The second graph (called the cactus graph throughout the paper) was constructed from a whole genome alignment between the assemblies. First, the repeat-masked PacBio-assemblies of the strains in the strain set were aligned with our Cactus tool [27]. Cactus requires a phylogenetic tree of the strains which was estimated using Mash (version 2.1) [44] and PHYLIP (version 3.695) [45]. Subsequently, we converted the HAL format output file to a variation graph with hal2vg (https://github.com/ComparativeGenomicsToolkit/hal2vg).

#### Genotyping of SVs

Prior to genotyping, we mapped the Illumina short reads of all 12 yeast strains to both graphs using vg map. We measured the fractions of reads mapped with specific properties using vg view and the JSON processor jq. Then, we applied toil-vg call (commit be8b6da) to genotype variants, obtaining a separate genotype set for each of the 11 non-reference strains on both graphs and for each of the two strain sets (in total 11 x 2 x 2 = 44 genotype sets). From the genotype sets, we removed variants smaller than 50 bp and variants with missing or homozygous reference genotypes. To evaluate the filtered genotype sets, we generated a sample graph (i.e. a graph representation of the genotype set) for each genotype set using vg construct and vg mod on the reference assembly S.c. S288C and the genotype set. Subsequently, we mapped short reads from the respective strains to each sample graph using vg map. We mapped the short reads also to an empty sample graph that was generated using vg construct as a graph representation of the linear reference genome. In an effort to restrict our analysis to SV regions, we removed reads that mapped equally well (i.e. with identical mapping quality and percent identity) to all three graphs (the two sample graphs and the empty sample graph) from the analysis. These filtered out reads most likely stem from portions of the strains’ genomes that are identical to the reference strain S.c. S288C. We analyzed the remaining alignments of reads from SV regions with vg view and jq.

## Declarations

### Availability of data and material

The commands used to run the analyses presented in this study are available at github.com/vgteam/sv-genotyping-paper under a MIT license. The version of the code used in this manuscript has been deposited in the following Zenodo repository: https://doi.org/10.5281/ZENODO.3517248[46]. The scripts to generate the manuscript, including figures and tables, are available at github.com/jmonlong/manu-vgsv.

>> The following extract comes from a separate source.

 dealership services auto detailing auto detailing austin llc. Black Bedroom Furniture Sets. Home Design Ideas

The simulated reference sequence and reads were deposited at https://s3-us-west-2.amazonaws.com/human-pangenomics/index.html?prefix=vgsv2019/simulation.

The sequencing data for HG00514, HG00733, and NA19240 was downloaded from SRA: ERR903030, ERR895347, ERR894724.

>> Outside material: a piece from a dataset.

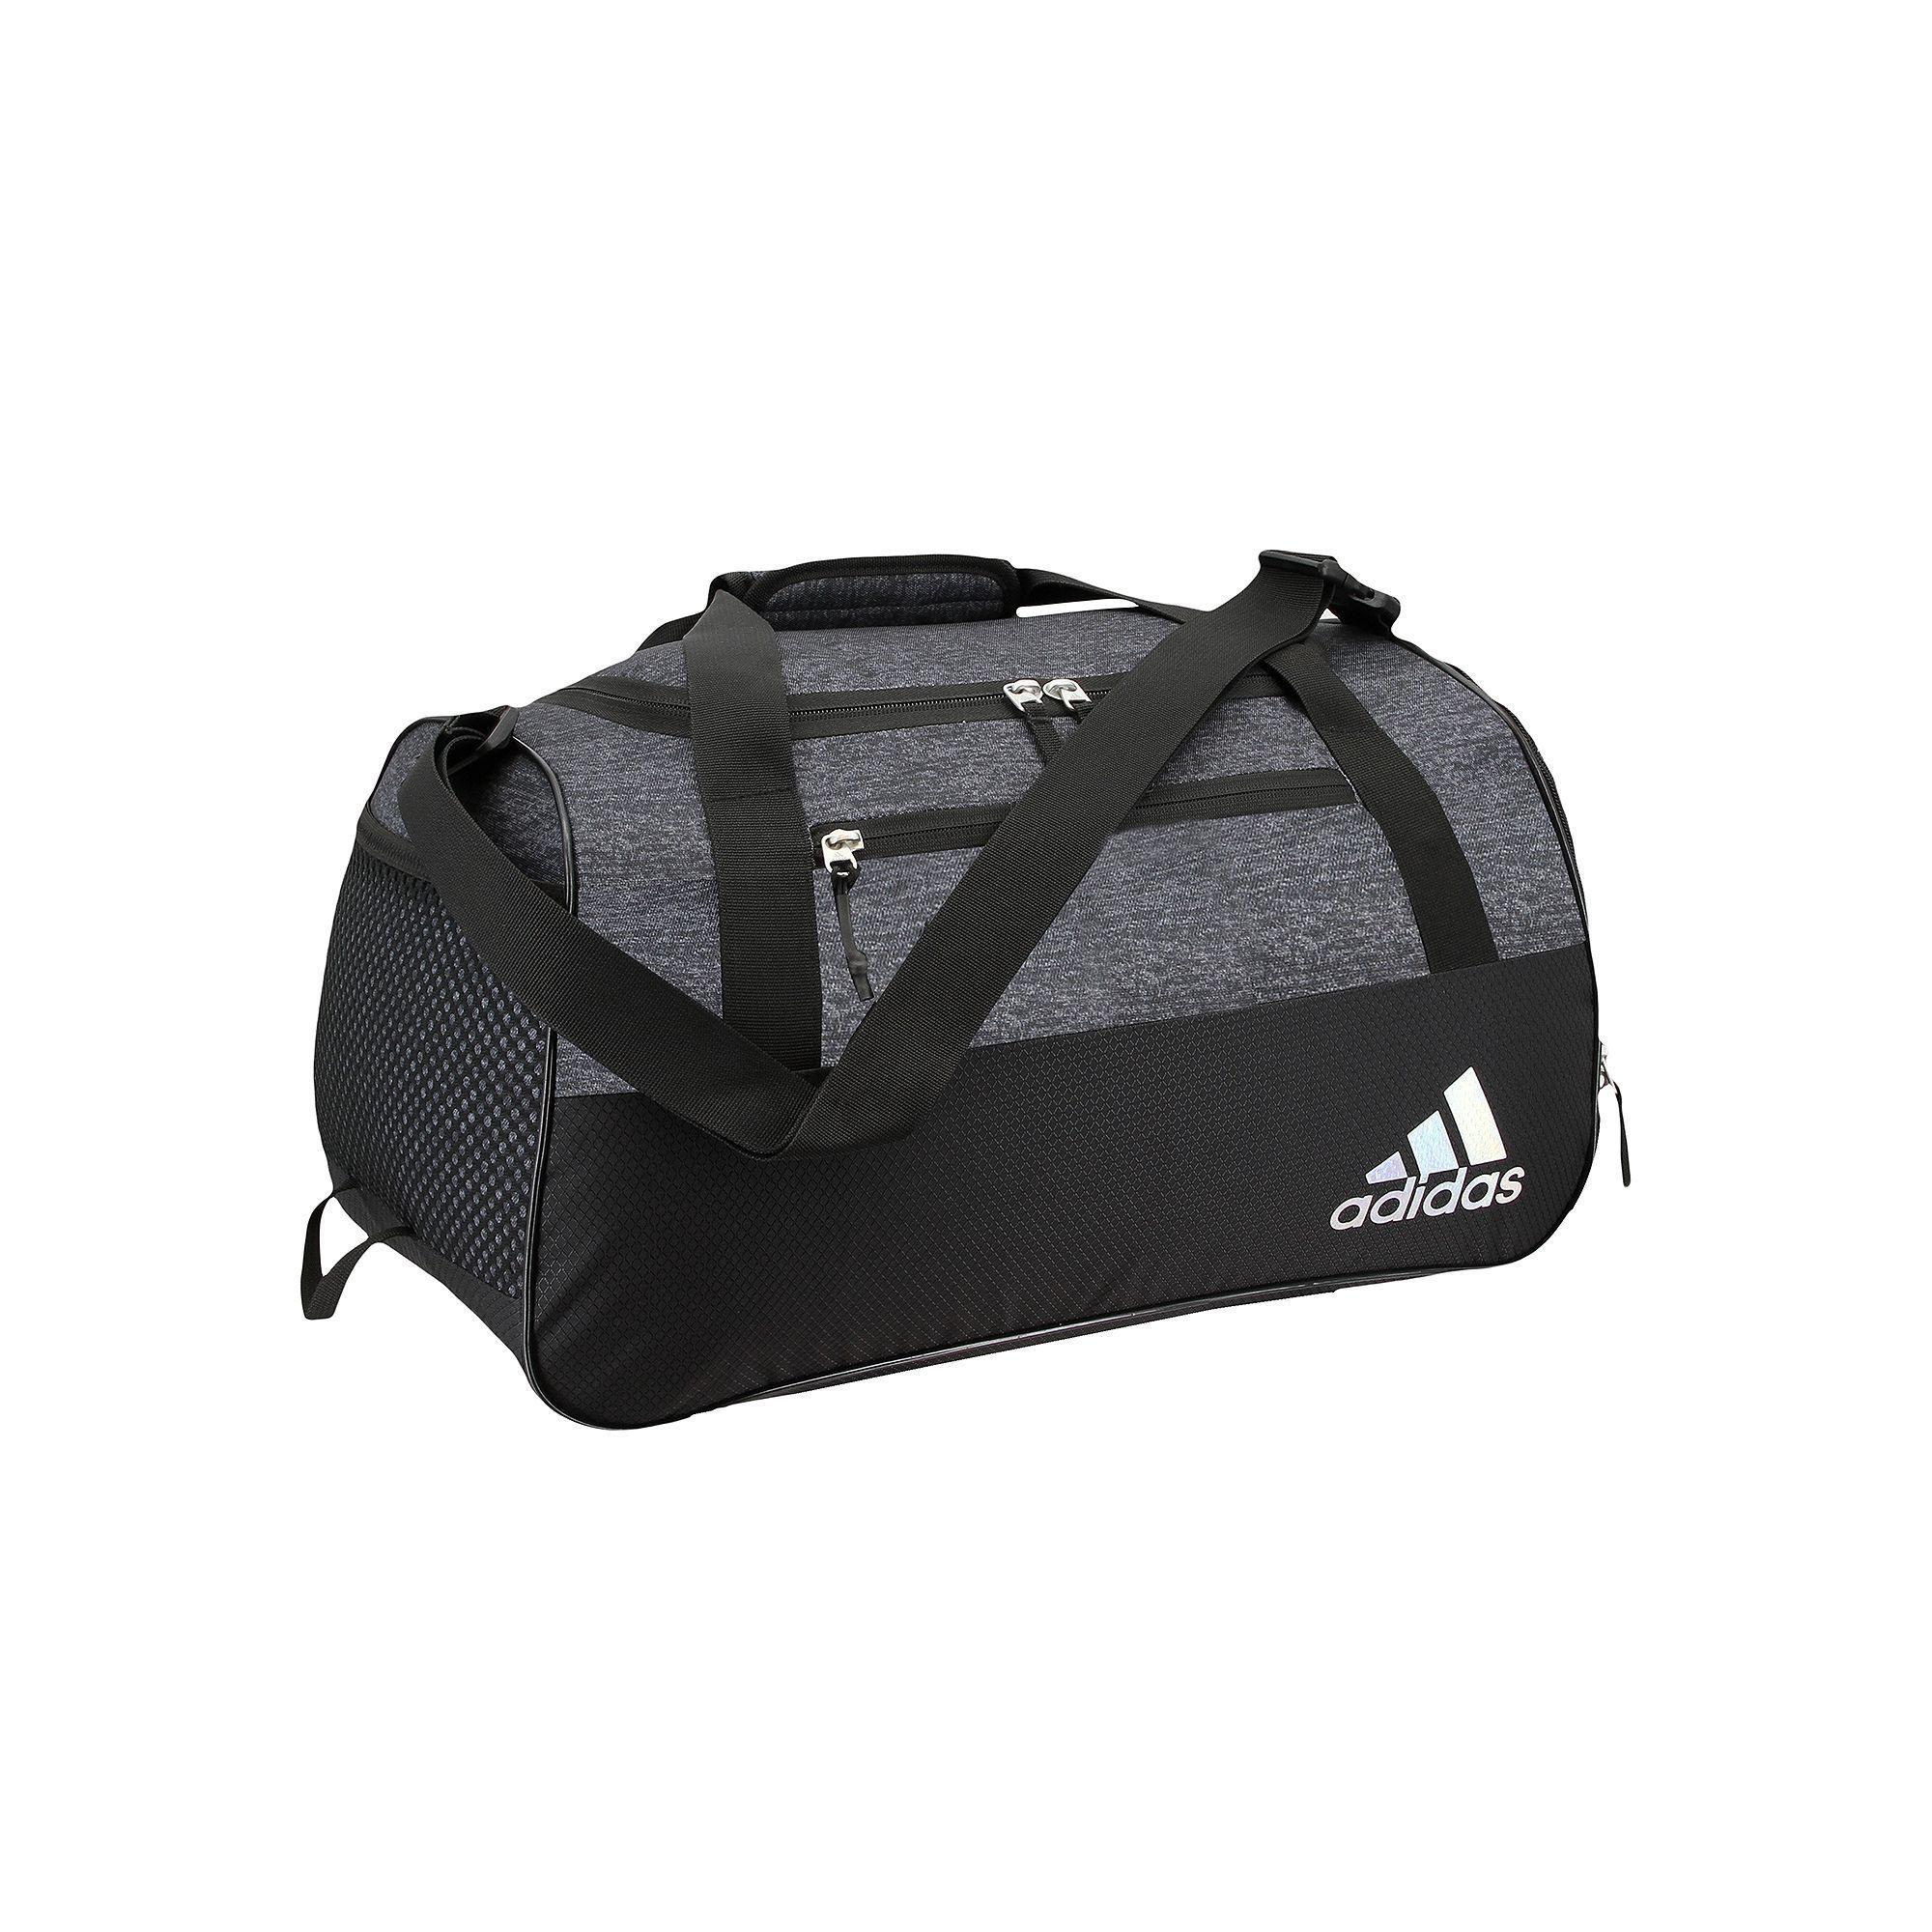 adidas Squad III Duffel Bag  3ebab30912

The haplotype-resolved SVs from the Human Genome Structural Variation Consortium[22] were deposited on the GitHub repository[46]: https://github.com/vgteam/sv-genotyping-paper/tree/master/human/hgsvc. The simulated reads for HG00514 using the HGSVC genotypes were deposited at https://s3-us-west-2.amazonaws.com/human-pangenomics/index.html?prefix=vgsv2019/sim-HG00514-30x.fq.gz.

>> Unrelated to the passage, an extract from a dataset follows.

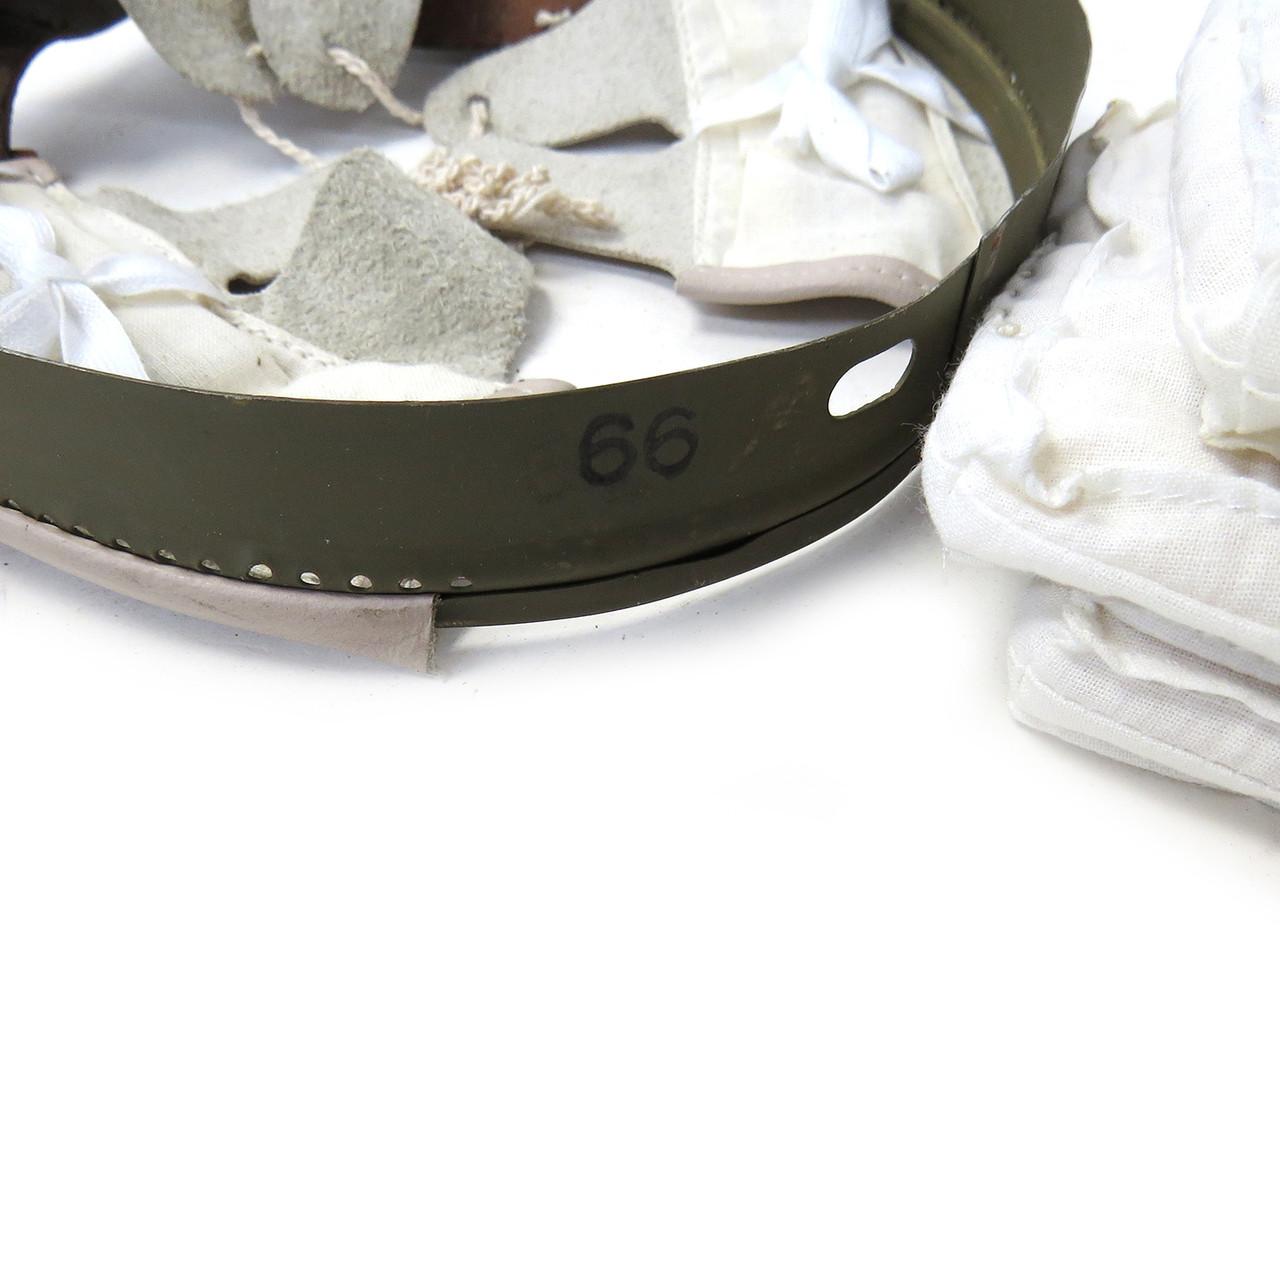 M-18 Helmet liner with pads

The Genome in a bottle catalog[23] was downloaded from ftp://ftp-trace.ncbi.nlm.nih.gov/giab/ftp/data/AshkenazimTrio/analysis/NIST_UnionSVs_12122017/svanalyzer_union_171212_v0.5.0_annotated.vcf.gz. Sequencing data for HG002 came from ftp://ftp-trace.ncbi.nlm.nih.gov/giab/ftp/data/AshkenazimTrio/HG002_NA24385_son/NIST_HiSeq_HG002_Homogeneity-10953946/NHGRI_Illumina300X_AJtrio_novoalign_bams/HG002.hs37d5.300x.bam.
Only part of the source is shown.